*** Block opens ***

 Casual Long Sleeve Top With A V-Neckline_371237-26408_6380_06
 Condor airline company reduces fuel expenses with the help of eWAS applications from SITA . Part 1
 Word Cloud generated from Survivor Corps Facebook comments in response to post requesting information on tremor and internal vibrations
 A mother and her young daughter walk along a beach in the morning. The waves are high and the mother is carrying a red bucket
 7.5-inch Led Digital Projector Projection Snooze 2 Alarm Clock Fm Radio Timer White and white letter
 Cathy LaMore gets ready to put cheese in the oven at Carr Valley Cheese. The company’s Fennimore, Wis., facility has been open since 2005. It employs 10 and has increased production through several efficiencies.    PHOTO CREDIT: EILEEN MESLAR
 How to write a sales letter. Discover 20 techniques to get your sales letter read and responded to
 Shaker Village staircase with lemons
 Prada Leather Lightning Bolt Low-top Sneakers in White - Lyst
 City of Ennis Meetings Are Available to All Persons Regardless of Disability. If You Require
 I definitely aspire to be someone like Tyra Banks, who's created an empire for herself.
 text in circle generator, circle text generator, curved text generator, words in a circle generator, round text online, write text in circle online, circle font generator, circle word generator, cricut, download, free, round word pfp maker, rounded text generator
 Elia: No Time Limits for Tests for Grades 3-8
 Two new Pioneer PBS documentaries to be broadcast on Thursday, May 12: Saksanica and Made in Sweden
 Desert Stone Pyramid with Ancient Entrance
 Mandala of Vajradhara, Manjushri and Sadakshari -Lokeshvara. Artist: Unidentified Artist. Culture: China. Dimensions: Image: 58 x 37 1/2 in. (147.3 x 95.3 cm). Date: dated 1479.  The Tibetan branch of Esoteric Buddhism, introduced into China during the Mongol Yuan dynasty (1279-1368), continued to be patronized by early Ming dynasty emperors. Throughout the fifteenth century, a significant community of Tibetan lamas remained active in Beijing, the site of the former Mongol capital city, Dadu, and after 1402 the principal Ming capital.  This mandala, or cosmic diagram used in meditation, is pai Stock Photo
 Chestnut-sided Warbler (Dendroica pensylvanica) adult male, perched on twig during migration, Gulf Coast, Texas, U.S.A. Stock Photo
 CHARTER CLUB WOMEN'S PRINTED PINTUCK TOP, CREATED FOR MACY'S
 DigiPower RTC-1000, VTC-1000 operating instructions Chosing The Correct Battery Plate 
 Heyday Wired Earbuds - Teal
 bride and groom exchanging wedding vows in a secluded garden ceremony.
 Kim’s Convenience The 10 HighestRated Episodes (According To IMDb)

*** Block closes ***

Which lines of the listing contain the string "from"? Copy every one of them.

 Condor airline company reduces fuel expenses with the help of eWAS applications from SITA . Part 1
 Word Cloud generated from Survivor Corps Facebook comments in response to post requesting information on tremor and internal vibrations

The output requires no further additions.